At the time, Ran was the most expensive film ever made in Japan with a budget of $11 million that allowed Kurosawa to bring some dazzling cinematic sweeps to the screen. The flow and movement of colour in the battle scenes are almost like a moving abstract painting. A ballet of shapes and vivid pigments. The brutality of the conflict, depicted with heart-aching beauty, makes a stark contrast, perhaps echoing the obsession of medieval Japanese Samurai culture with both beauty and death.

Kurosawa himself is on record as describing the film as a metaphor for post Hiroshima anxiety and this is a theme that runs through his work. The idea that technological advances have not enriched mankind but only brought more efficient ways of killing.

In Ran, this is starkly illustrated when the field arquebuses destroy the traditional mounted knights and Saburo is assassinated by a sniper, showing that the old ways of honour and man-at-arms skills are to be swept away by the dispassionate and impartial march of the new. A new age is coming, and it’s one lacking in traditional values or, indeed, any values at all.

Similar scenes can be seen in some of Kurosawa’s other movies, notably Kagemusha, and most poignantly in The Seven Samurai when Seiji Miyaguchi – the embodiment of Samurai code – is unceremoniously shot by a bandit. In his dying breath he throws his sword at the bandit; a symbolically futile act.

Noh theatre, the traditional Japanese form of stage performance, is also subtle evident in Kurosawa’s work, especially in the way he uses cuts to move through a scene in layers, like a stage set. In Ran, Tatsuya Nakadai’s, whole performance is Noh style. His body language is upright and statuesque and in the later stages of the film, where he becomes wild and deranged, his make up has the mask-like look of traditional Noh theatre.
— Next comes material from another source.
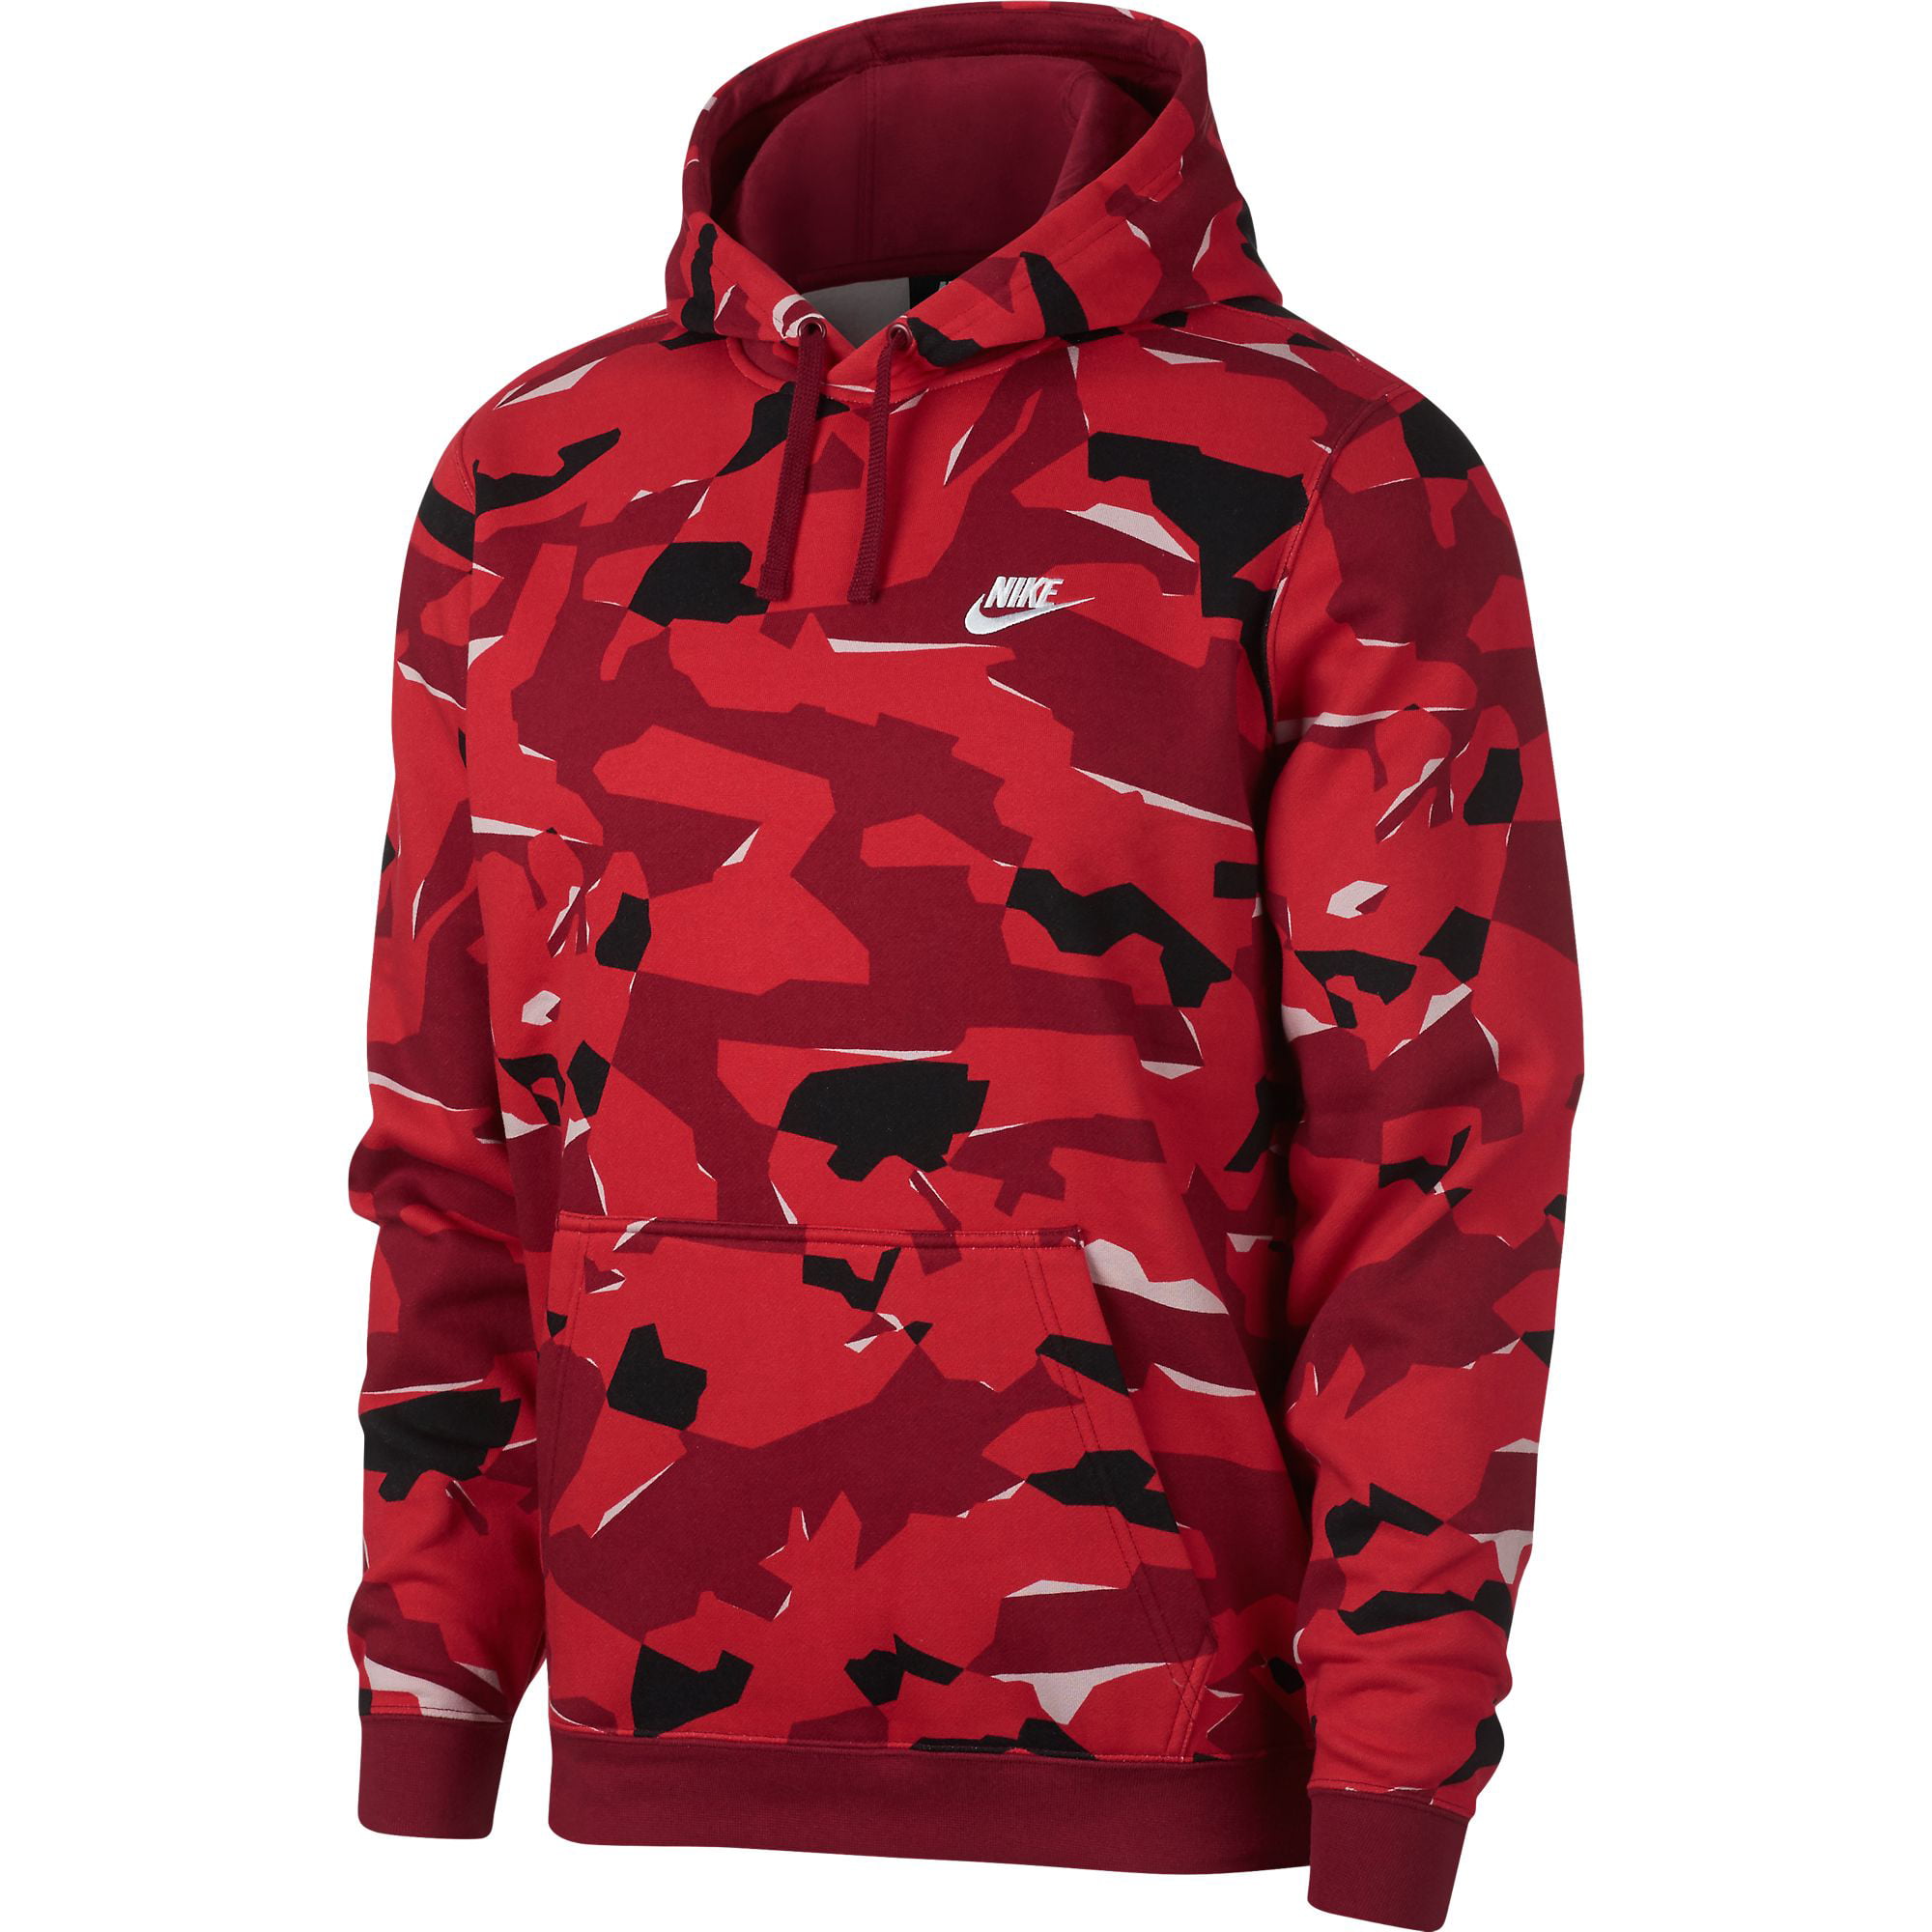 Nike Club Men's Pullover Red Camo ar1313-677 - Walmart.com

These qualities of mask and stance are also evident in the performance of Lady Kaede. This treatment heightens the monomaniacal zeal and polarity of these characters and their lust and obsession with power.

This is a film worthy of many thousands of words in praise and analysis. There are, indeed, a shortage of superlatives to do it justice. Put simply: this is an essential addition to any serious film fan’s collection.